Ossas (Open Source Summaries at Scale): The Inference.net × Laion × Grass (laion.ai)

🤖 AI Summary
Inference.net, LAION and Grass announced OSSAS (Open Source Summaries at Scale), a pipeline and initial release for producing standardized, JSON-structured summaries of scientific papers at massive scale. They crawled ~100M papers from public sources (deduplicated and augmented with bethgelab, LAION and Common Pile subsets), post-trained Qwen 3 14B and Nemotron 12B on GPT-5–generated targets, and released fine-tuned models plus 100k structured summaries (visualizer: https://laion.inference.net/).

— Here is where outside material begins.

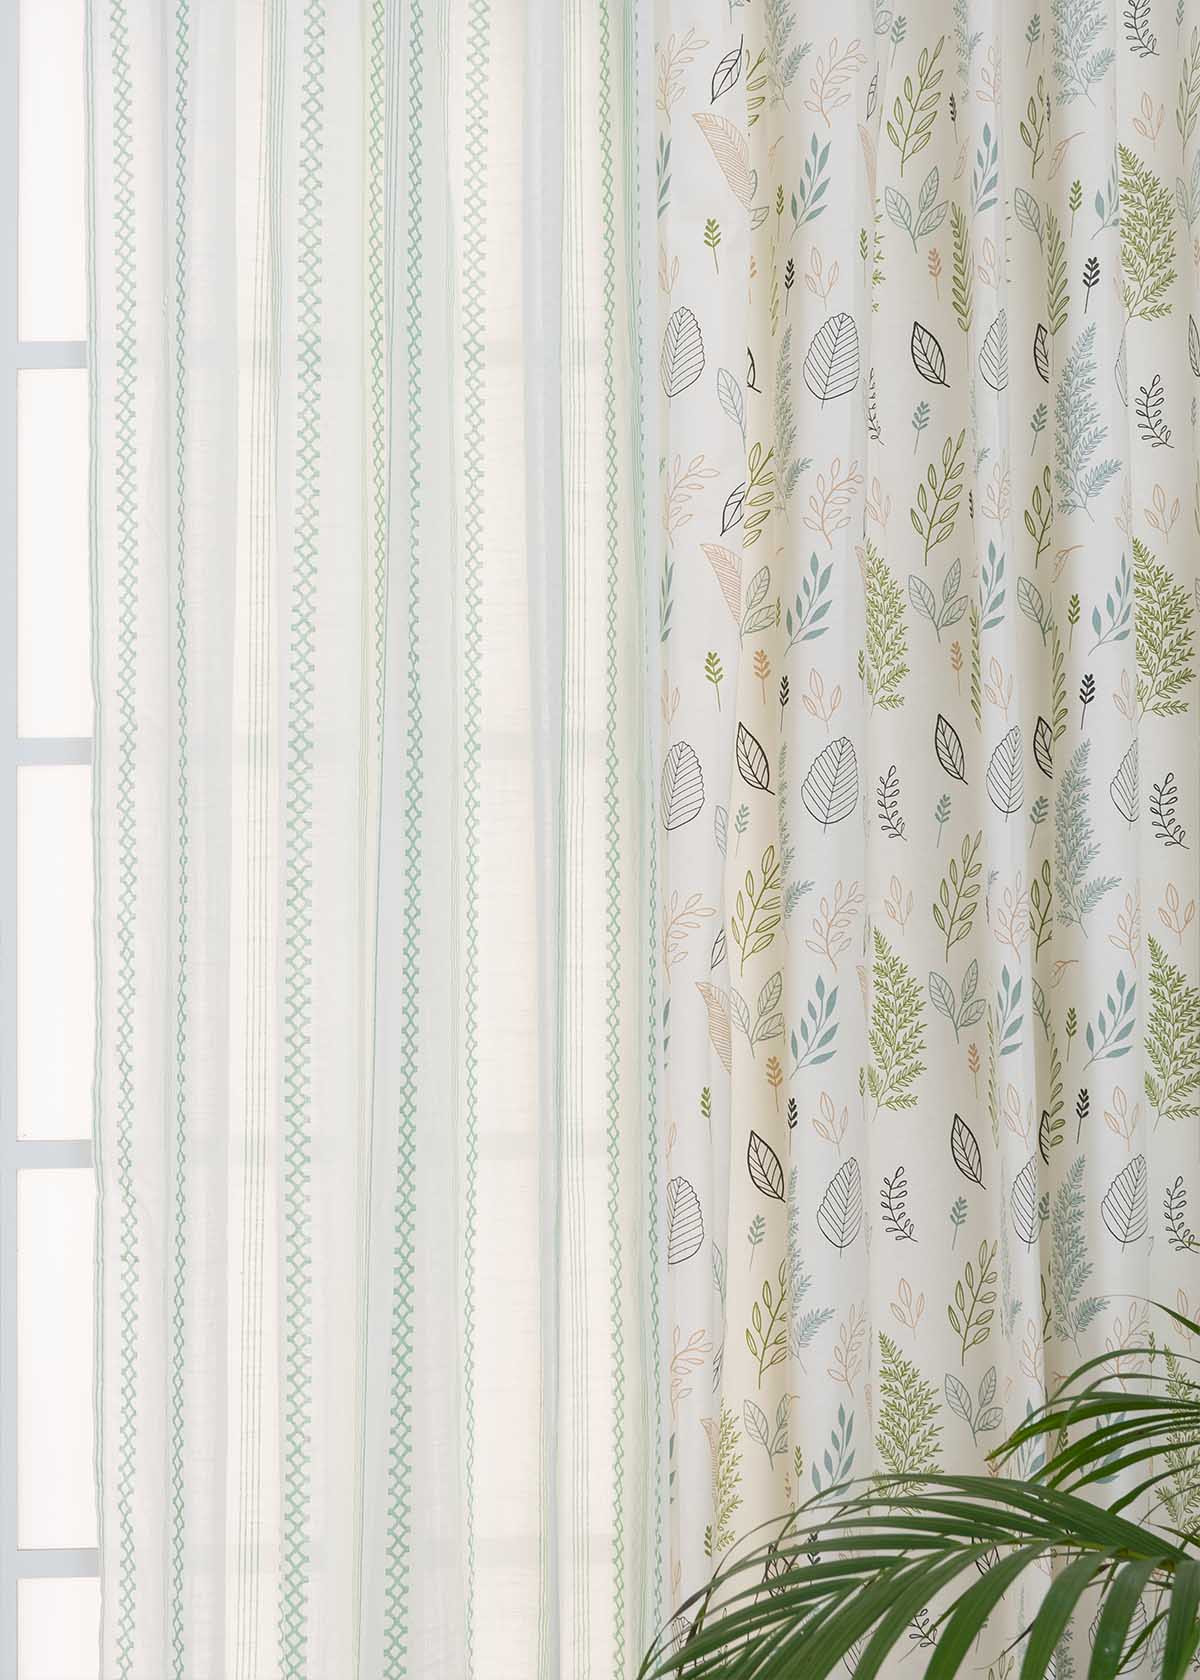 Rustling Leaves, Picket Fence Sage Green Sheer Set Of 4 Combo Cotton Curtain - Green

The schema captures title/authors/field, executive summary, research questions, methods, architectures, numeric key results, contradictions/limitations, data/code availability, ethics, key figures and three takeaways—designed to be both human- and machine-consumable. A post-training subset used 110k papers (100k train / 10k val); strict prompts enforced schema alignment. For evaluation they used an ensemble “LLM-as-a-Judge” (GPT-5, Gemini 2.5 Pro, Claude 4.5) and a QA benchmark of generated multiple-choice questions. Fine-tuned Qwen 3 scored 4.21 vs GPT-5’s 4.81 (1–5 rubric) and achieved 73.9% QA accuracy (GPT-5: 74.6%); Nemotron 12B FT reached 4.10 and 71.3% QA accuracy. Nemotron also delivered ~2.25× throughput versus Qwen on 8×H200, making it preferable for bulk processing. The project highlights practical, open alternatives to closed models, shows decentralized GPU networks can cut costs dramatically, and offers structured summaries as search/triage inputs and training data—while cautioning about hallucinations, context limits, and the need to verify critical details against source texts.